Let $f: D \to \C$ be a continuous complex function, where $D$ is a connected domain.

Let $z_0 \in D$.


Suppose that $\ds \oint_C \map f z \rd z = 0$ for all closed staircase contours $C$ in $D$.


Then $f$ has a primitive $F: D \to \C$ defined by:

$\ds \map F w = \int_{C_w} \map f z \rd z$

where $C_w$ is any staircase contour in $D$ with start point $z_0$ and end point $w$.


Proof

From Connected Domain is Connected by Staircase Contours, it follows that there exists a staircase contour $C_w$ in $D$ with start point $z_0$ and end point $w$.

If $C_w'$ is another staircase contour with the same endpoints as $C_w$, then $C_w' \cup \paren {-C_w}$ is a closed staircase contour.

Then the definition of $F$ is independent of the choice of contour, as:

\(\ds \int_{C_w} \map f z \rd z\) \(=\) \(\ds \int_{C_w} \map f z \rd z + \int_{C_w' \cup \paren {-C_w} } \map f z \rd z\) by assumption
\(\ds \) \(=\) \(\ds \int_{C_w} \map f z \rd z + \int_{C_w'} \map f z \rd z + \int_{-C_w} \map f z \rd z\) Contour Integral of Concatenation of Contours
\(\ds \) \(=\) \(\ds \int_{C_w} \map f z \rd z + \int_{C_w'} \map f z \rd z - \int_{C_w} \map f z \rd z\) Contour Integral along Reversed Contour
\(\ds \) \(=\) \(\ds \int_{C_w'} \map f z \rd z\)


We now show that $F$ is the primitive of $f$.

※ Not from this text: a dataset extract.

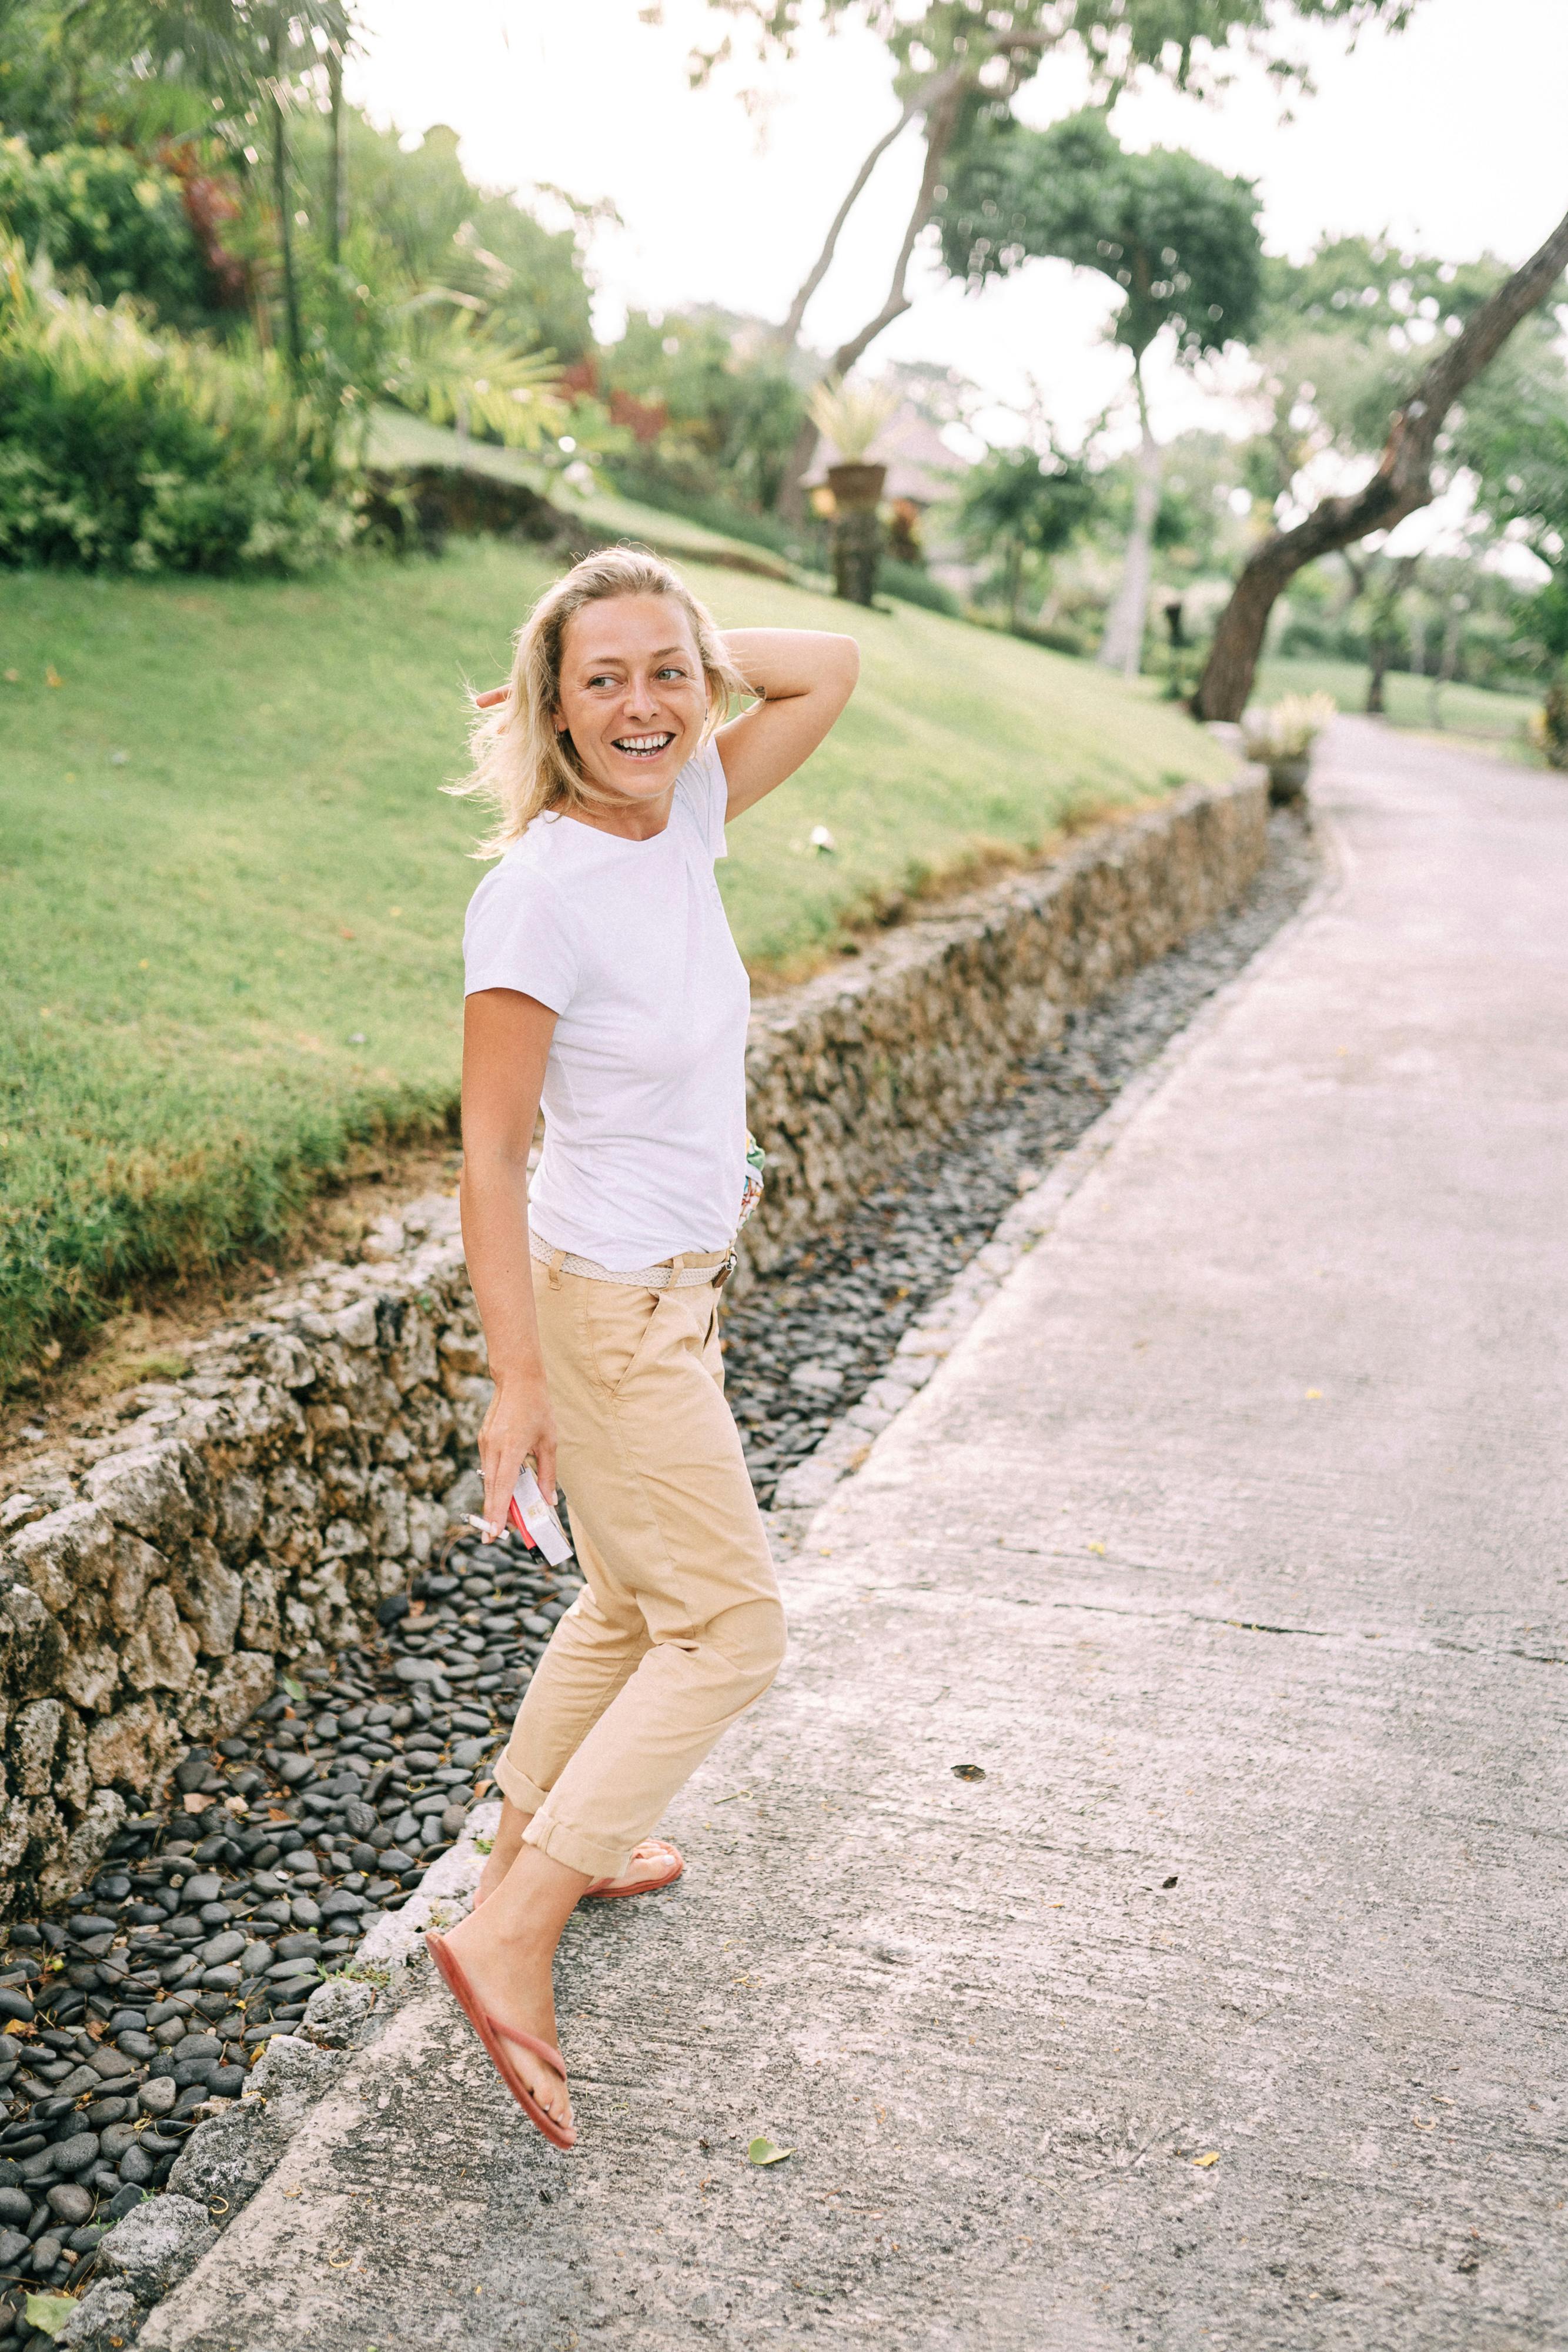 Woman in White Tshirt and Khaki Pants Standing on Gray Concrete Pathway   Free Stock Photo

Let $\epsilon \in \R_{>0}$.

By definition of continuity, there exists $r \in \R_{>0}$ such that the open ball $\map {B_r} w \subseteq D$, and for all $z \in \map {B_r} w$:

$\size {\map f z - \map f w} < \dfrac \epsilon 2$

Let $h = x+iy \in \C \setminus \set 0$ with $x, y \in \R$ such that $\size h < r$.

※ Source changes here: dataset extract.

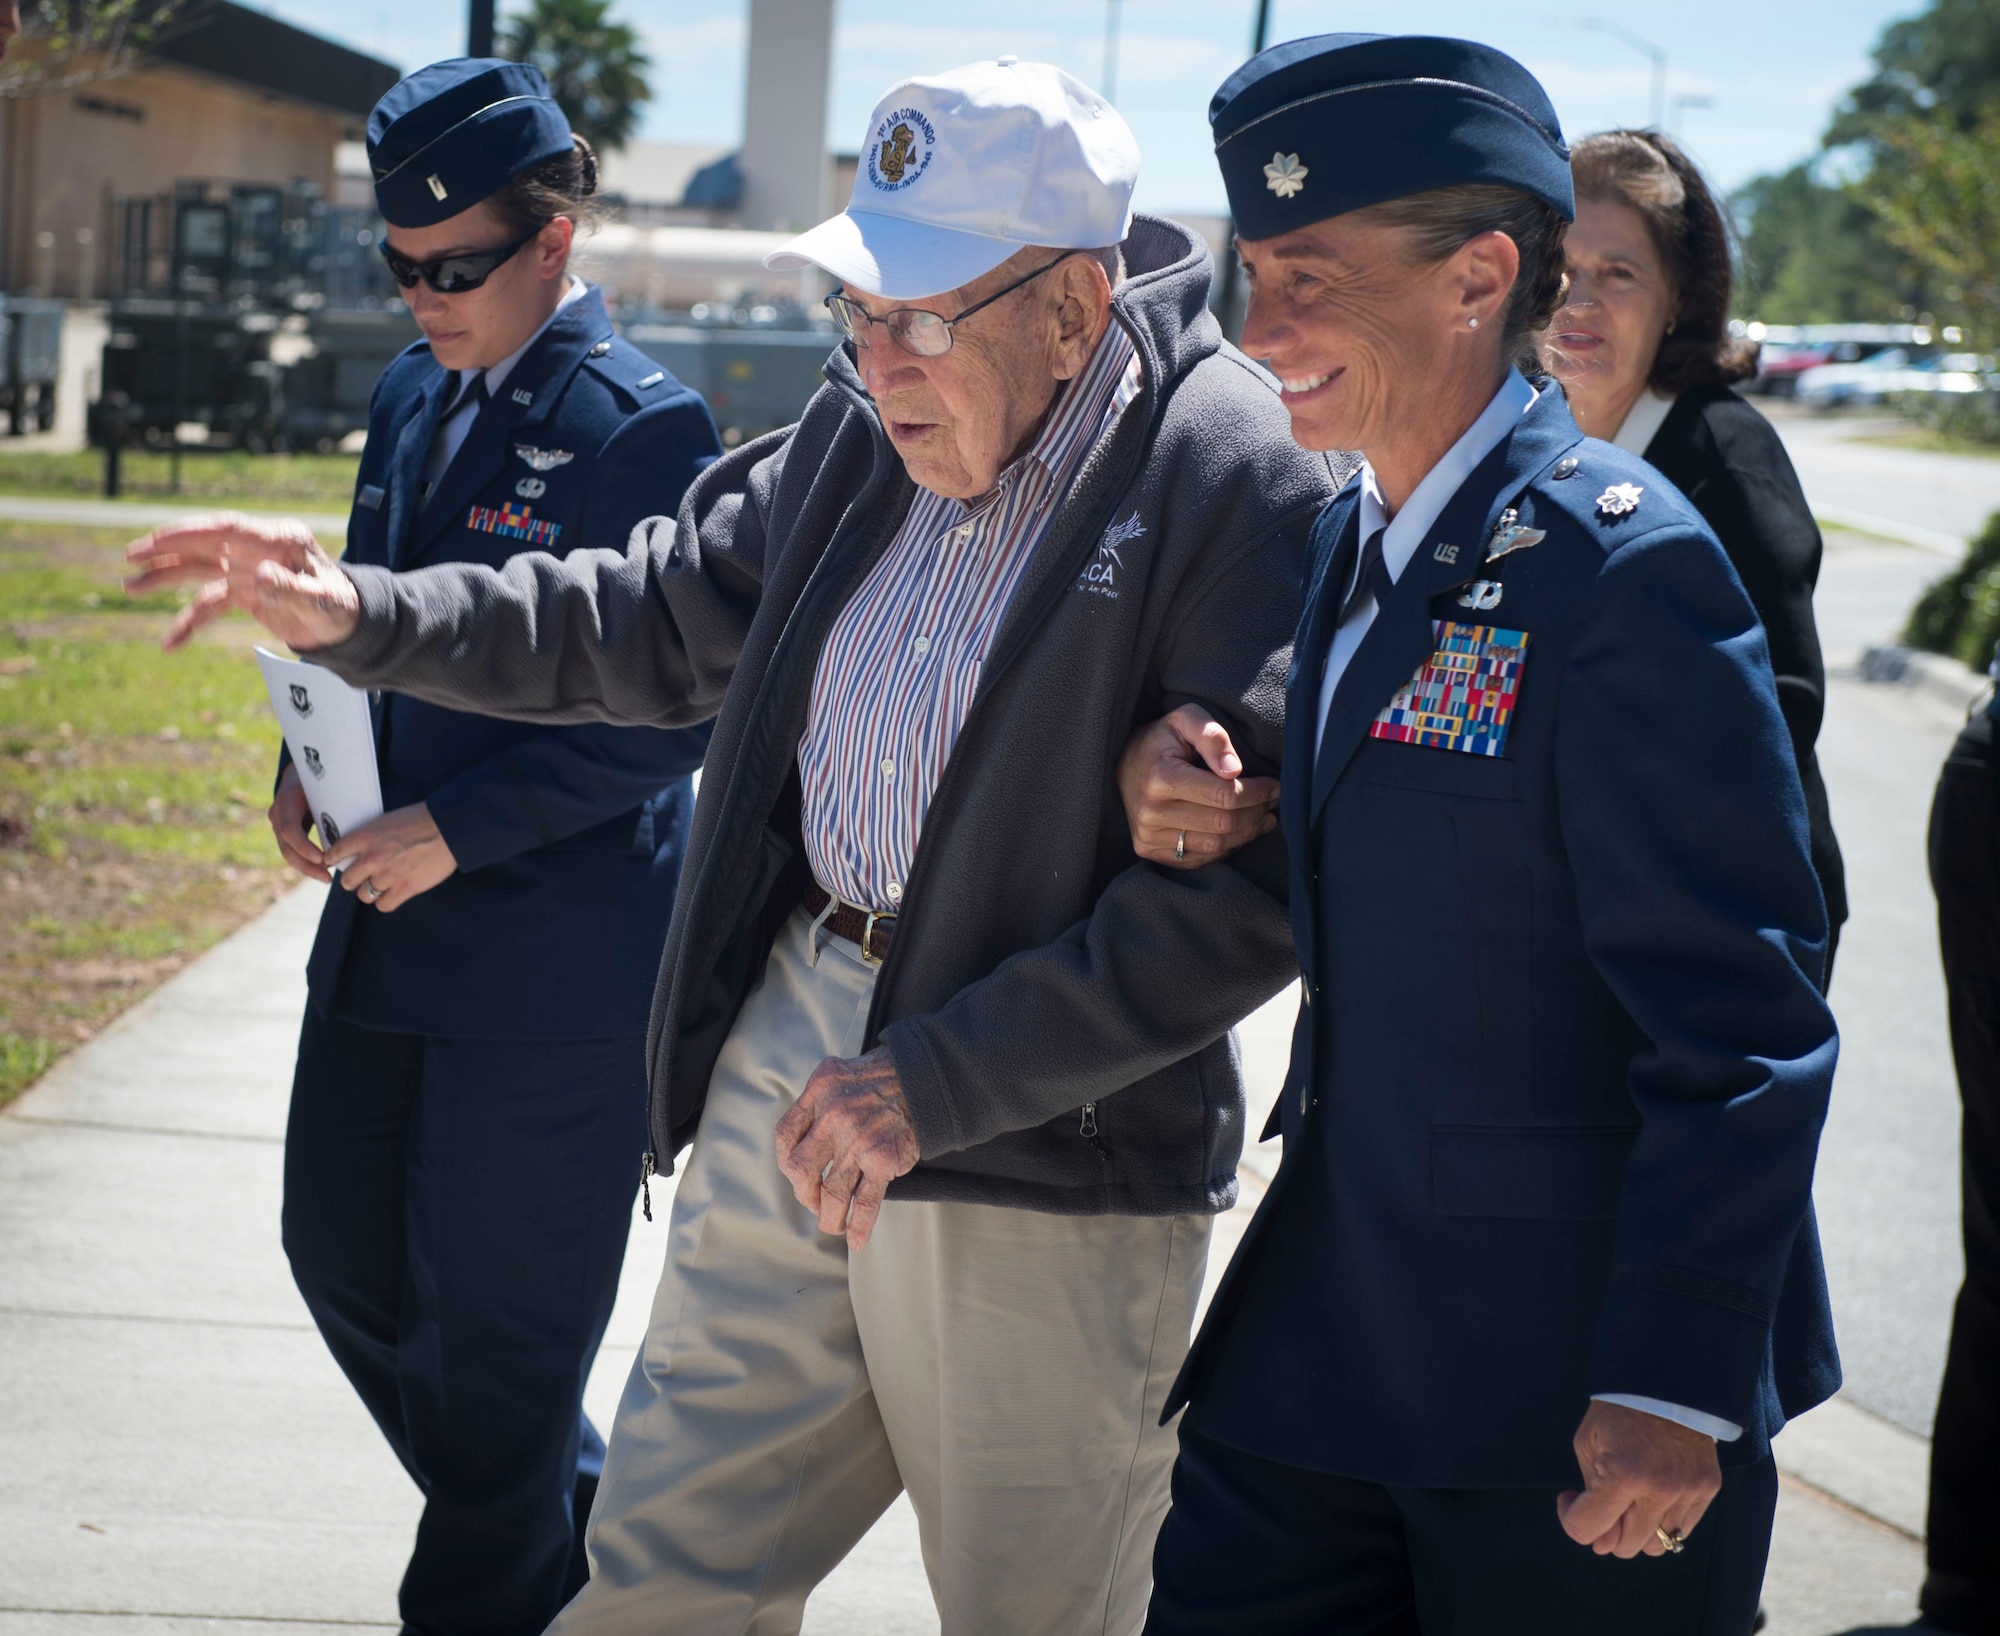 Lt. Col. Allison Black, the commander of the 319th Special Operation Squadron, escorts retired Lt. Col. Richard E. Cole before a building renaming and dedication ceremony at Hurlburt Field, Fla., April 7, 2017. Cole is the last surviving Doolittle Raider whose Air Force roots date back to the origination of the 319th SOS. (U.S. Air Force photo by Senior Airman Krystal M. Garrett)

Let $\LL$ be the staircase contour that goes in a horizontal line from $w$ to $w + x$, and continues in a vertical line from $w + x$ to $w + h$.

As $w + x, w + h \in \map {B_r} w$, it follows from Open Ball is Convex Set that $\LL$ is a contour in $\map {B_r} w$.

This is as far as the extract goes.